Кашлять за стеной перестали. Кто-то смеялся. Ну, конечно, смеялся Саша. В темной комнате с занавешенным окном он понял по моему рисунку, что на улице солнце и теплая трава. И что мне очень хорошо гулять. Потом я услышал, как он позвал маму и потребовал карандаш. Скоро из щели высунулся белый уголок. Я побежал в свою комнату. В моем рисунке было изменение: рядом с мальчиком стоял другой: кружок головы, палочка туловища, а от нее четыре веточки… Мальчик был изображен красным карандашом, и я понял: это Саша. Он тоже хочет греться на солнце и ходить босиком. Я соединил жирной чертой руки-веточки двух мальчиков — это значит: они держались крепко за руки — и сунул лист обратно. В тот вечер врач вышел от соседей веселый.
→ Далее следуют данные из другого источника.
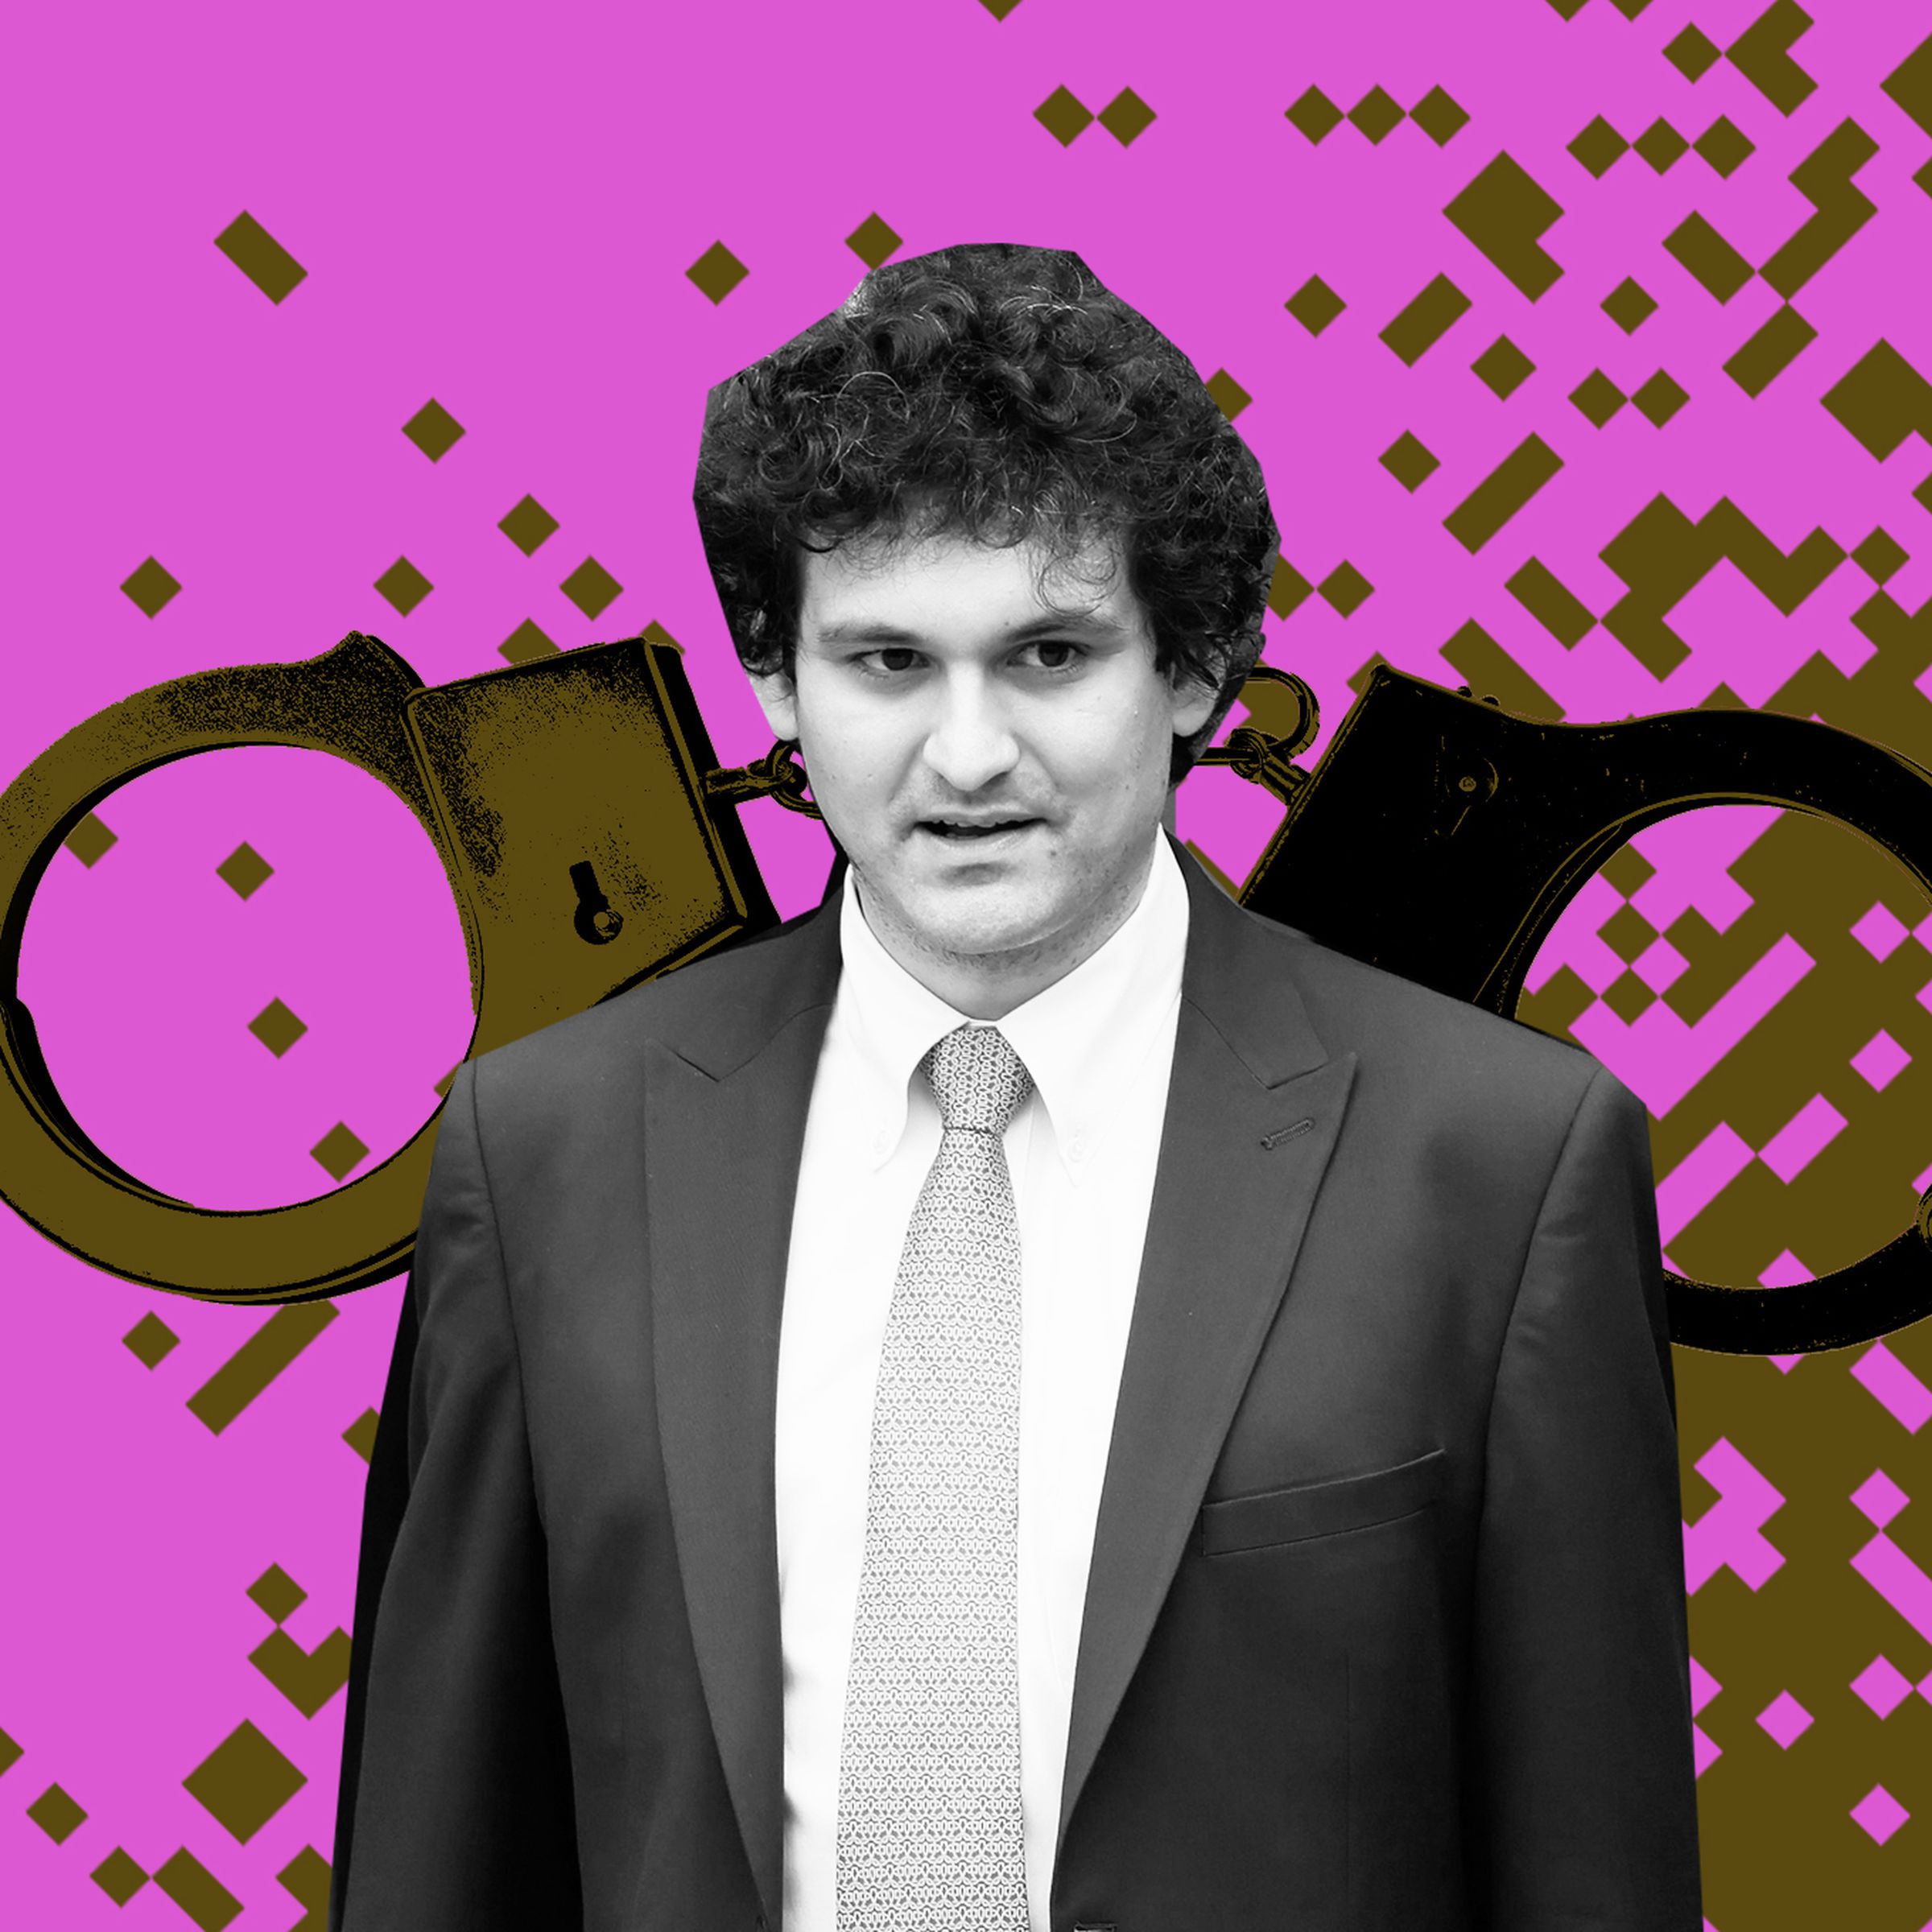 Photo illustration of Sam Bankman Fried on a background of pixels and handcuffs.

У Саши был велосипед. У меня тоже, только похуже. Соседская девочка Марина иногда брала у нас покататься велосипед, и я сильно мучился, если она предпочитала велосипед моего друга.
Однажды я взял у Саши баночки с цветной тушью, которые стояли на столе его отца, и решил написать письмо. Это было первое письмо к девочке, и я писал его весь день. И каждую строчку я писал разным цветом. Сперва красным, потом синим, зеленым… Мне казалось, что это будет самым лучшим выражением моего чувства.
Два дня я не видел Марину, хотя старался проезжать все время у нее под окнами. Потом вышел ее старший брат и стал меня пристально рассматривать. И на его лице было ясно написано: «А я все знаю». Потом брат скрылся, и выбежала Марина. И в знак хорошего ко мне расположения попросила велосипед. Проехала один раз для вида и сказала, чертя носком маленького ботиночка по земле:
— Ну, вот что. Я тебе отвечу на письмо, если ты принесешь мне цветов. — И она топнула твердо своим маленьким ботиночком. — Цветы нужны сейчас!
Я ринулся в городской сад. Цвели одуванчики, и я собирал их, как рассыпанные солнечные зайчики. Скоро среди лужайки возвышалась целая золотая горка. И вдруг меня охватила первая мужская робость. Как же при всех поднесу ей это? Я накрыл цветы лопухами и пошел домой. Нужно было подумать. И решиться.
На следующий день Марина скакала с подругами на тротуаре, расчерченном мелом, и на меня взглянула очень строго.
— Где же твои цветы?
Я опять побежал в сад. Я уже знал, что буду делать. Нашел свою лужайку, откинул лопухи — и обмер: передо мною лежала куча вялой травы. Золотые искры цветов потухли навсегда. И с ними моя смешная любовь. А Марина? Марина каталась с тех пор только на Сашкином велосипеде.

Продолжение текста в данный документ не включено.